PAXTON BOYS. 1763–1765. As a result of Indian depredations that began during the French and Indian War and culminated in Pontiac's uprising, many Scots-Irish and German settlers on the Pennsylvania frontier came to believe that they had license to exterminate all Native Americans. They also nursed a grudge against the Quaker-dominated government of the colony, which they thought should have done more to protect their homes and families. On 14 December 1763, some fifty-seven rangers from Paxton and Donegal in Lancaster County, led by Lazarus Stewart, senselessly massacred six Christian Indians living at Conestoga Manor, eight miles west of Lancaster. Two weeks later, another gang rode into Lancaster and, pushing aside token resistance from the sheriff, broke into the workhouse where they slaughtered the remaining fourteen Conestoga Indians who had taken shelter there. Five of the twenty Indians were women and eight were children.
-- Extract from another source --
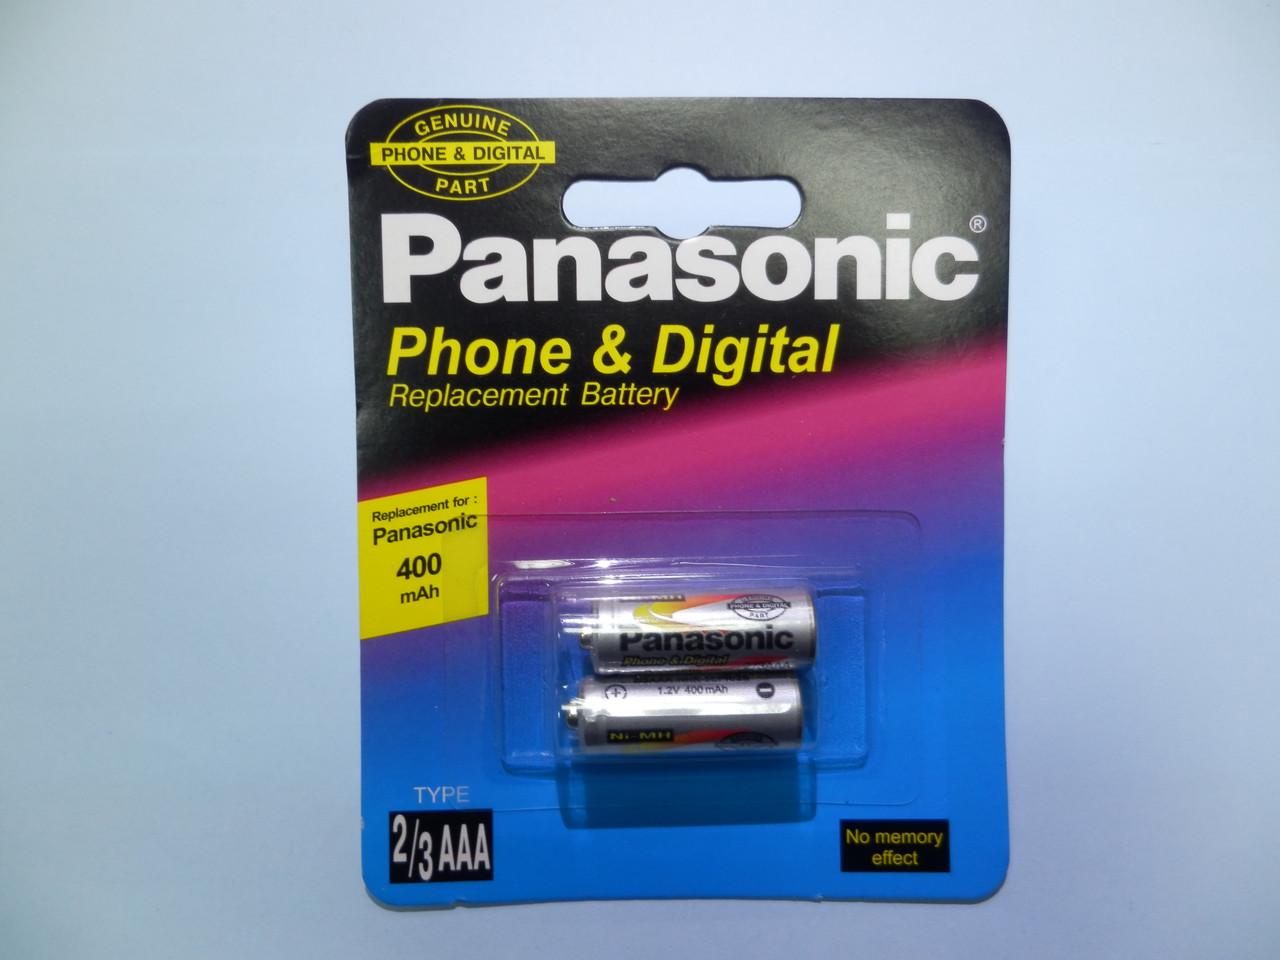 Акумулятор до стаціонарного телефону Panasonic HHR-5EPR ( 1,2 v 400mAh ) (TYPE 2/3AAA)

Governor John Penn ordered the culprits brought to trial, but sympathetic justices and juries made this impossible. The "Boys" then undertook a political campaign to win better representation for the settlers in the legislature and backed it up with the very real threat of violence. In early February 1764, some 600 of them marched under arms towards Philadelphia, intending, it seems, to kill 140 Indians who had taken refuge in the city's military barracks. When 250 of them reached Germantown, they were confronted by over 500 armed citizen-volunteers and 250 regular troops, with artillery at the ready. The crisis abated when the "Boys" accepted promises of amnesty for their previous actions from government spokesmen (including Benjamin Franklin), along with the promise of a chance to present their grievances to the governor and legislature. "Their major grievances—paucity of frontier defenses, underrepresentation, and Quaker favoritism to Indians—received scant attention from the legislature," according to the historian Alden T. Vaughn. ("Frontier Banditti," p. 85).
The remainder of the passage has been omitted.